Re: [PATCH v12 05/14] x86/sgx: Implement basic EPC misc cgroup functionality

From: Haitao Huang
Date: Thu Apr 18 2024 - 18:41:33 EST


On Tue, 16 Apr 2024 08:22:06 -0500, Huang, Kai <kai.huang@xxxxxxxxx> wrote:

On Mon, 2024-04-15 at 20:20 -0700, Haitao Huang wrote:
From: Kristen Carlson Accardi <kristen@xxxxxxxxxxxxxxx>

SGX Enclave Page Cache (EPC) memory allocations are separate from normal
RAM allocations, and are managed solely by the SGX subsystem. The
existing cgroup memory controller cannot be used to limit or account for
SGX EPC memory, which is a desirable feature in some environments. For
instance, within a Kubernetes environment, while a user may specify a
particular EPC quota for a pod, the orchestrator requires a mechanism to
enforce that the pod's actual runtime EPC usage does not exceed the
allocated quota.

Utilize the misc controller [admin-guide/cgroup-v2.rst, 5-9. Misc] to
limit and track EPC allocations per cgroup. Earlier patches have added
the "sgx_epc" resource type in the misc cgroup subsystem. Add basic
support in SGX driver as the "sgx_epc" resource provider:

- Set "capacity" of EPC by calling misc_cg_set_capacity()
- Update EPC usage counter, "current", by calling charge and uncharge
APIs for EPC allocation and deallocation, respectively.
- Setup sgx_epc resource type specific callbacks, which perform
initialization and cleanup during cgroup allocation and deallocation,
respectively.

With these changes, the misc cgroup controller enables users to set a hard
limit for EPC usage in the "misc.max" interface file. It reports current
usage in "misc.current", the total EPC memory available in
"misc.capacity", and the number of times EPC usage reached the max limit
in "misc.events".

For now, the EPC cgroup simply blocks additional EPC allocation in
sgx_alloc_epc_page() when the limit is reached. Reclaimable pages are
still tracked in the global active list, only reclaimed by the global
reclaimer when the total free page count is lower than a threshold.
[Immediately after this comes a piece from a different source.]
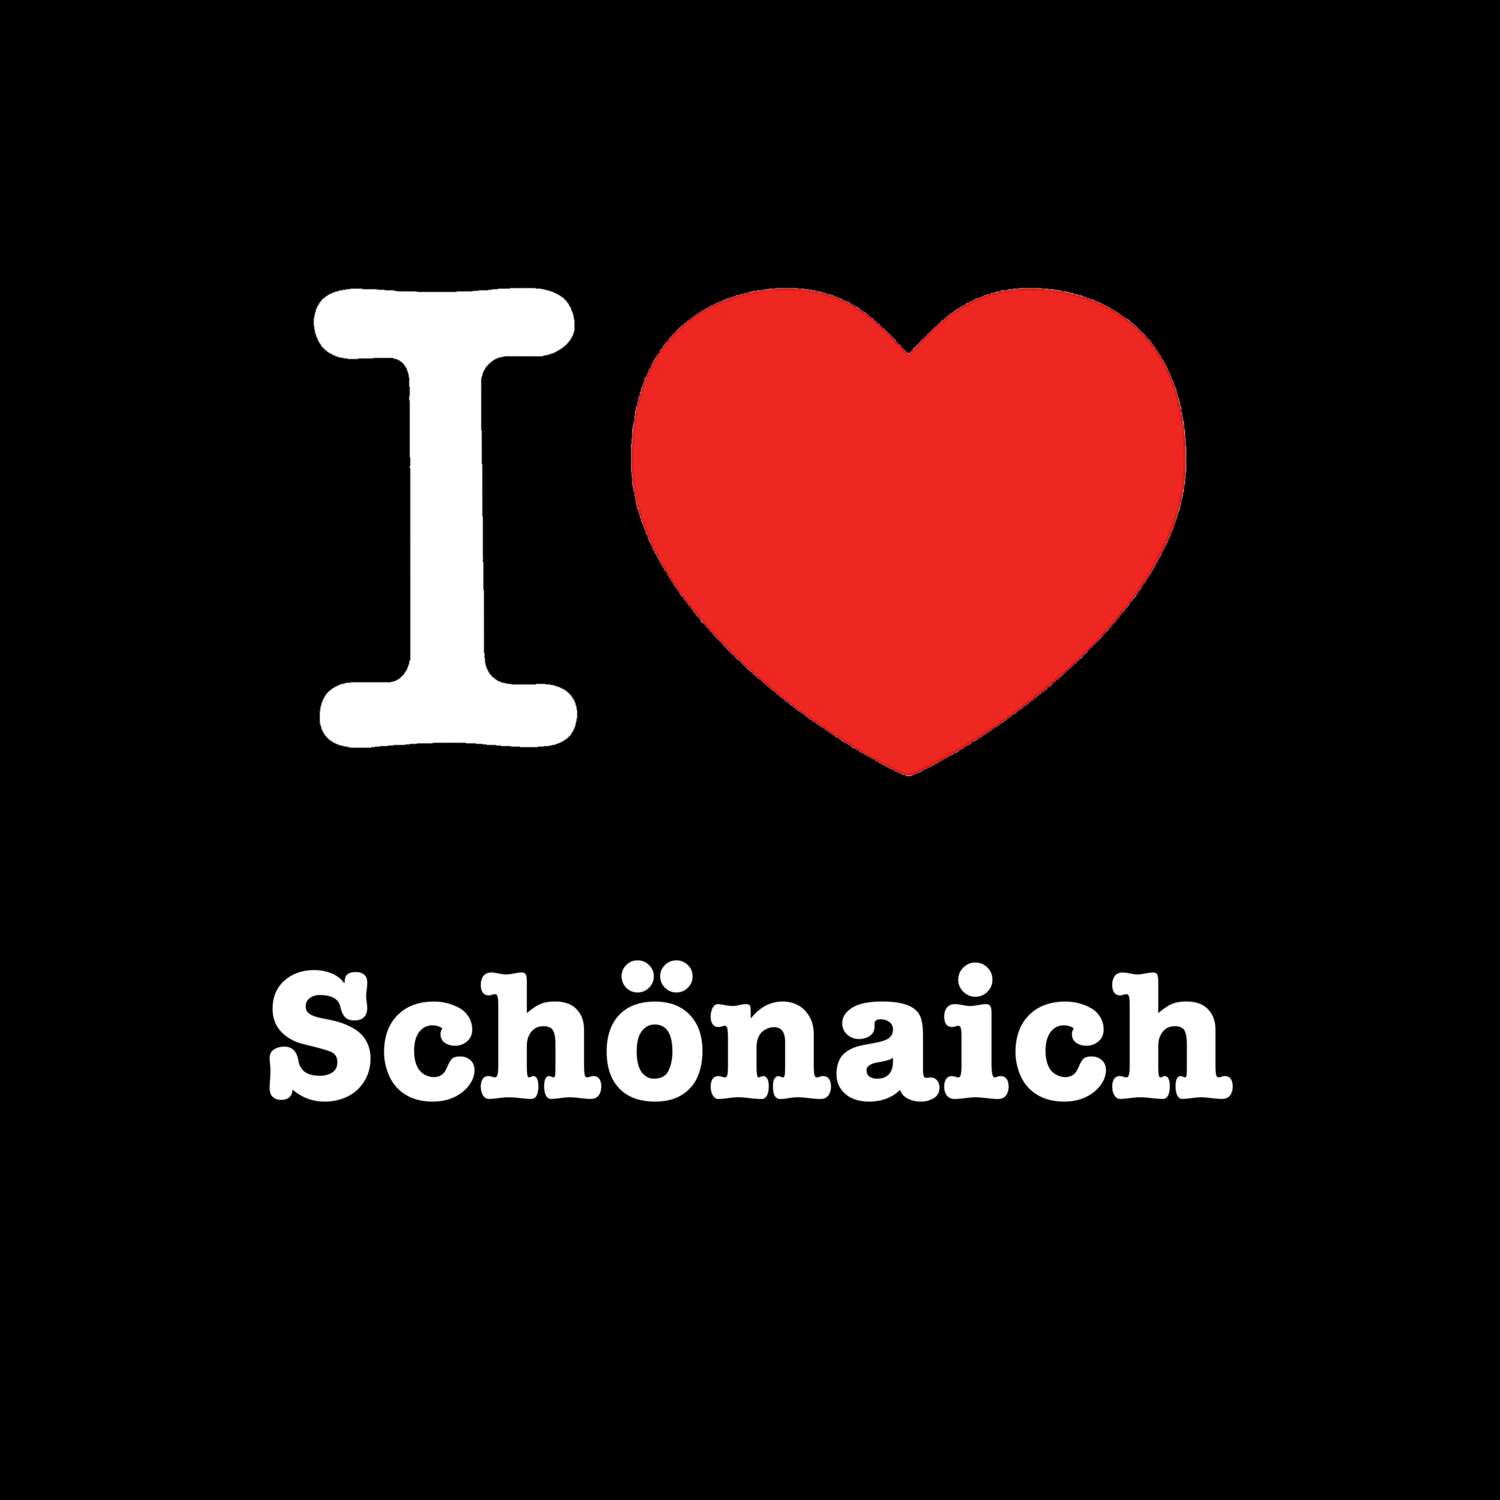 Schönaich T-Shirt »I love«
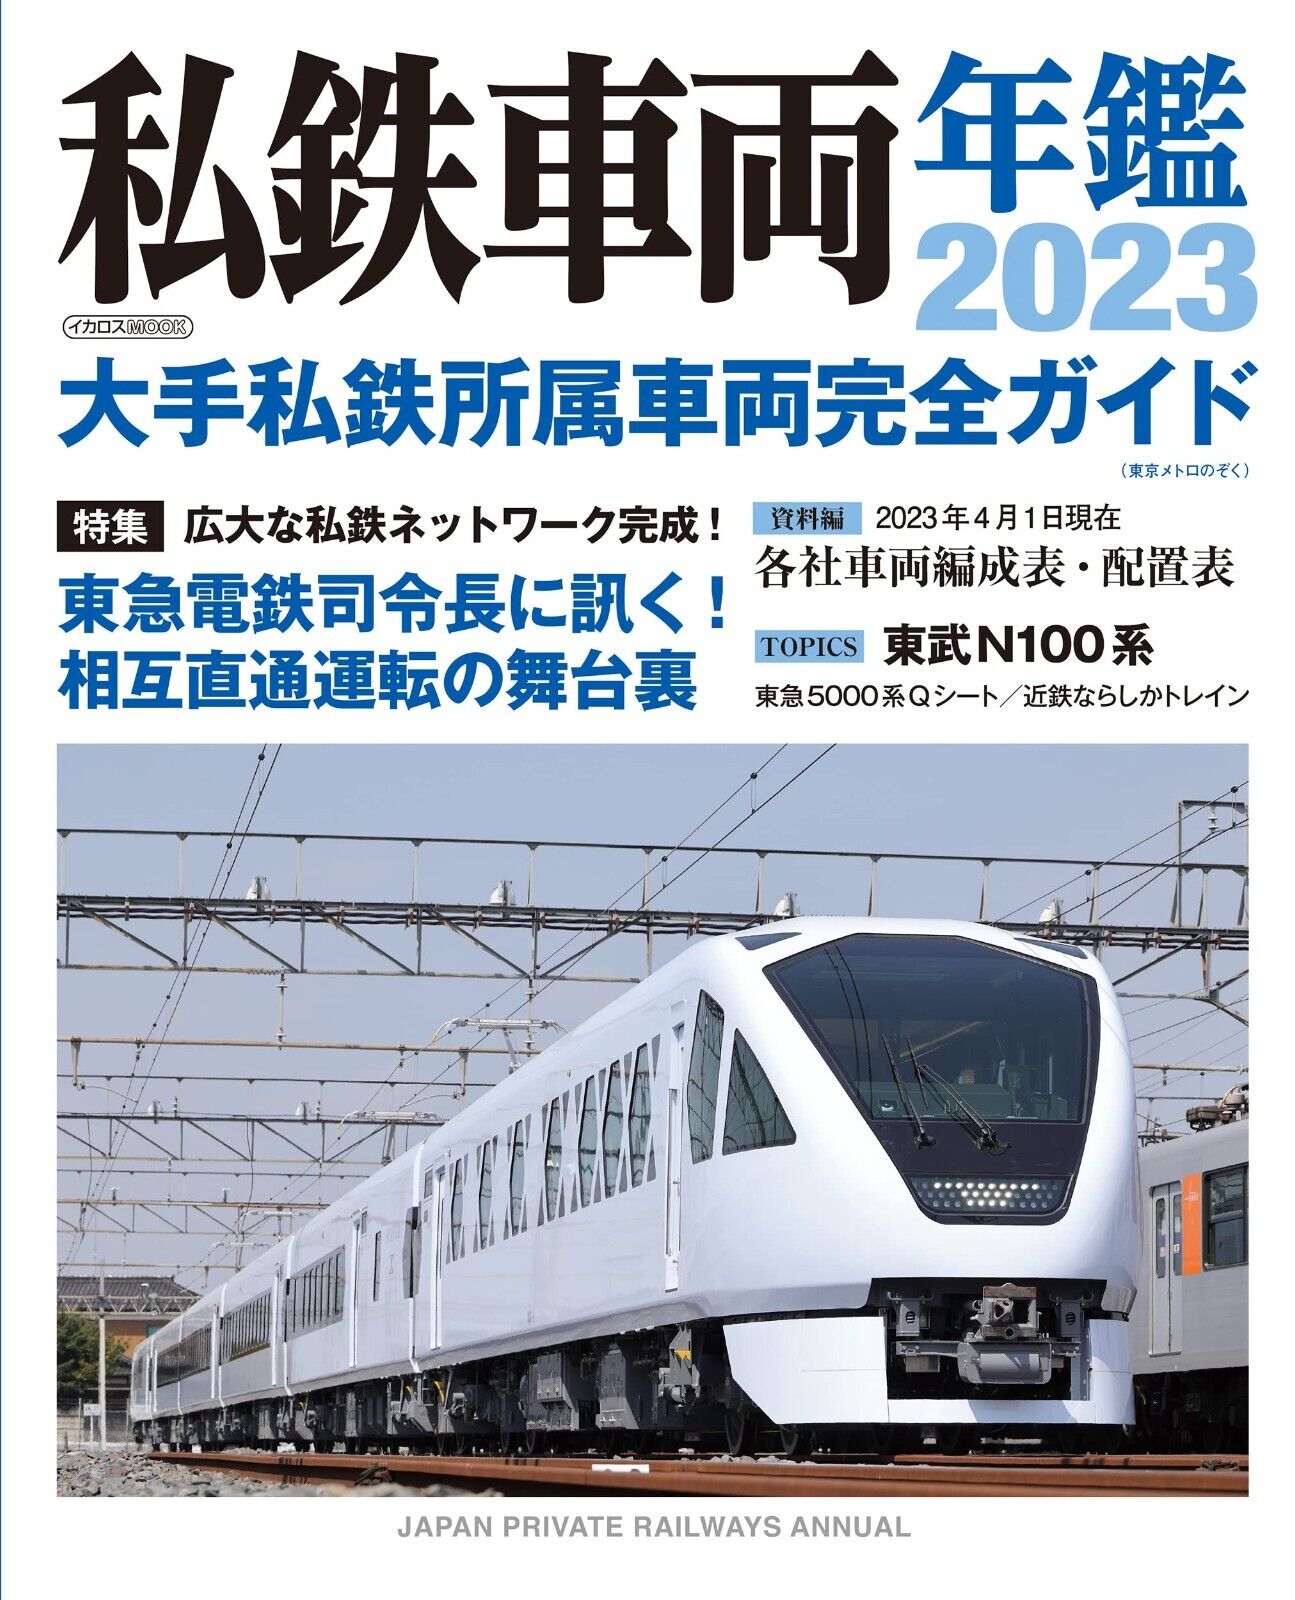 Private Railway Vehicle 2023 | JAPAN Train Book

Later patches will reorganize the tracking and reclamation code in the
global reclaimer and implement per-cgroup tracking and reclaiming.

Co-developed-by: Sean Christopherson <sean.j.christopherson@xxxxxxxxx>
Signed-off-by: Sean Christopherson <sean.j.christopherson@xxxxxxxxx>
Signed-off-by: Kristen Carlson Accardi <kristen@xxxxxxxxxxxxxxx>
Co-developed-by: Haitao Huang <haitao.huang@xxxxxxxxxxxxxxx>
Signed-off-by: Haitao Huang <haitao.huang@xxxxxxxxxxxxxxx>
Reviewed-by: Jarkko Sakkinen <jarkko@xxxxxxxxxx>
Reviewed-by: Tejun Heo <tj@xxxxxxxxxx>
Tested-by: Jarkko Sakkinen <jarkko@xxxxxxxxxx>

I don't see any big issue, so feel free to add:

Reviewed-by: Kai Huang <kai.huang@xxxxxxxxx>

Thanks

Nitpickings below:

[...]


--- /dev/null
+++ b/arch/x86/kernel/cpu/sgx/epc_cgroup.c
@@ -0,0 +1,72 @@
+// SPDX-License-Identifier: GPL-2.0
+/* Copyright(c) 2022-2024 Intel Corporation. */
+
+#include <linux/atomic.h>
+#include <linux/kernel.h>

It doesn't seem you need the above two here.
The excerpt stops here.